Table 1: Real Interest Rate (%)

	Country Name	2015	2016	2017	2018	2019
87	Australia	6.23%	6.12%	1.53%	3.32%	1.57%
335	China	4.20%	2.83%	0.19%	0.85%	2.99%
1655	United States	2.31%	2.53%	2.26%	2.55%	3.57%

Final Reflection:

The first graph shows the hospital beds per capita over a 5 year period. 3 countries remained stagnant while China saw increases over the time period and France declined. The annotations on the graph specify how much change happened in China and France over the 5 year period. I decided to use +/- signs as well as color coding to indicate the positive or negative value of change. I also placed the values in between the datapoints to simply show which two years is being compared.

The next graph is a simple, sorted dotplot of life expectancy. I added text labels to each datapoint to show the exact values for each country. This is not a major change but it does help with comparing countries that are close together on the graph, allowing viewers to see the decimal values.
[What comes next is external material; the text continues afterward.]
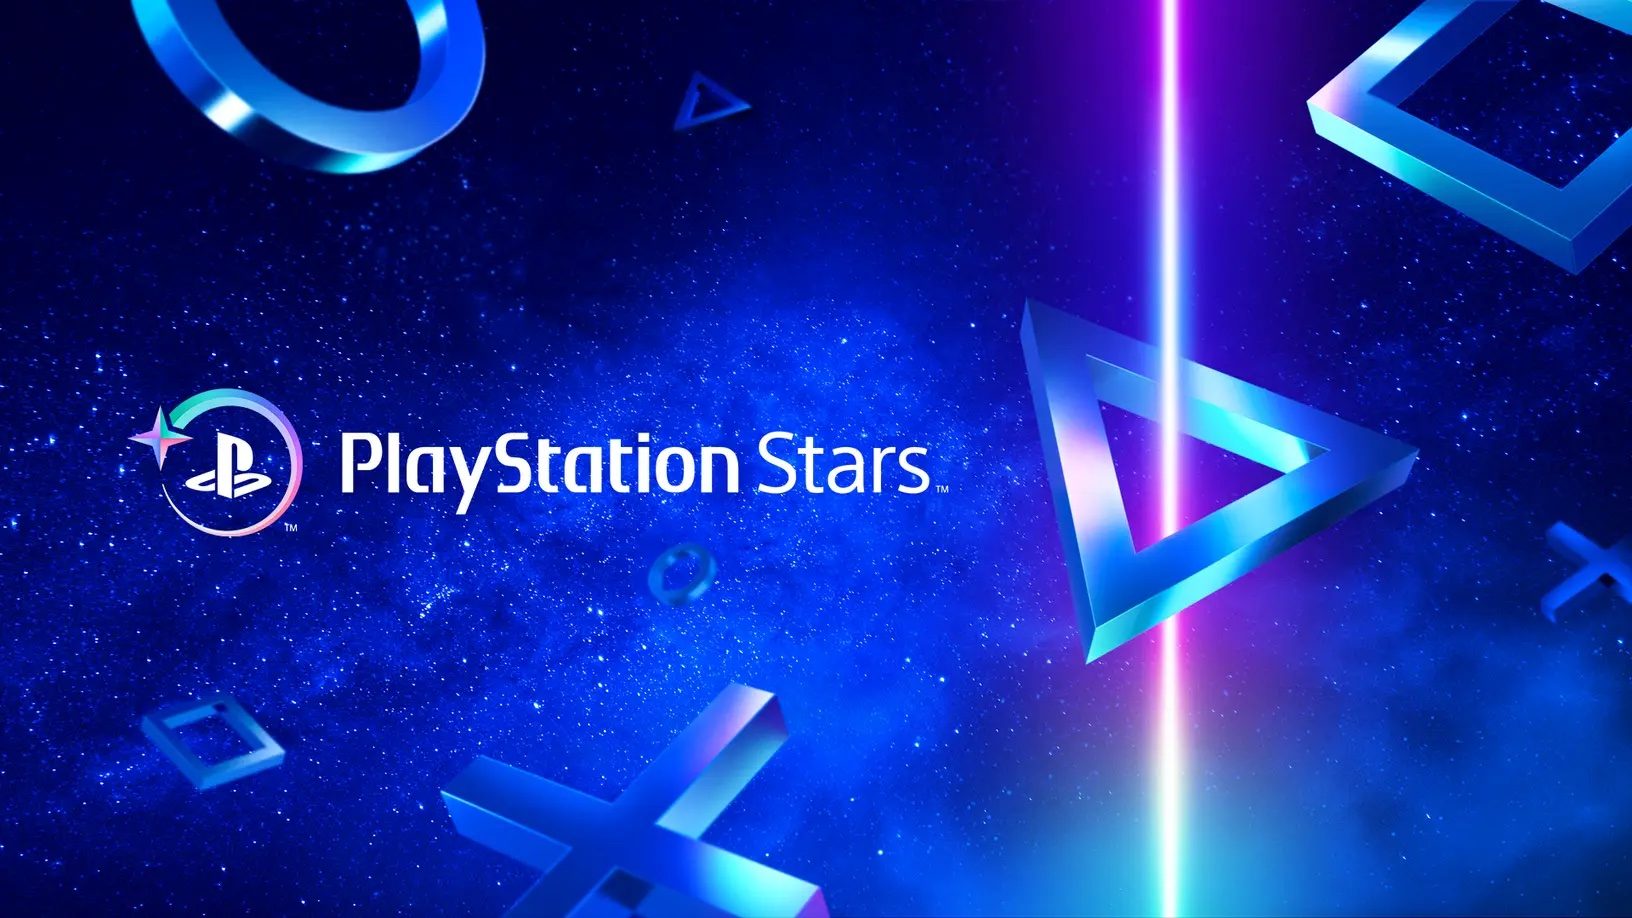 PlayStation Stars recebe novos colecionáveis em novembro

The styled table has a few key components that make it a proper visualization. First, the data values are rounded and have an appended percentage sign to help you read and understand what the datatype is. Second, everything is aligned to make the table look more organized and increase readability further. Lastly, I added a title to show you what the table is representing. These three small details are what makes the table adequate compared to the raw, unedited version.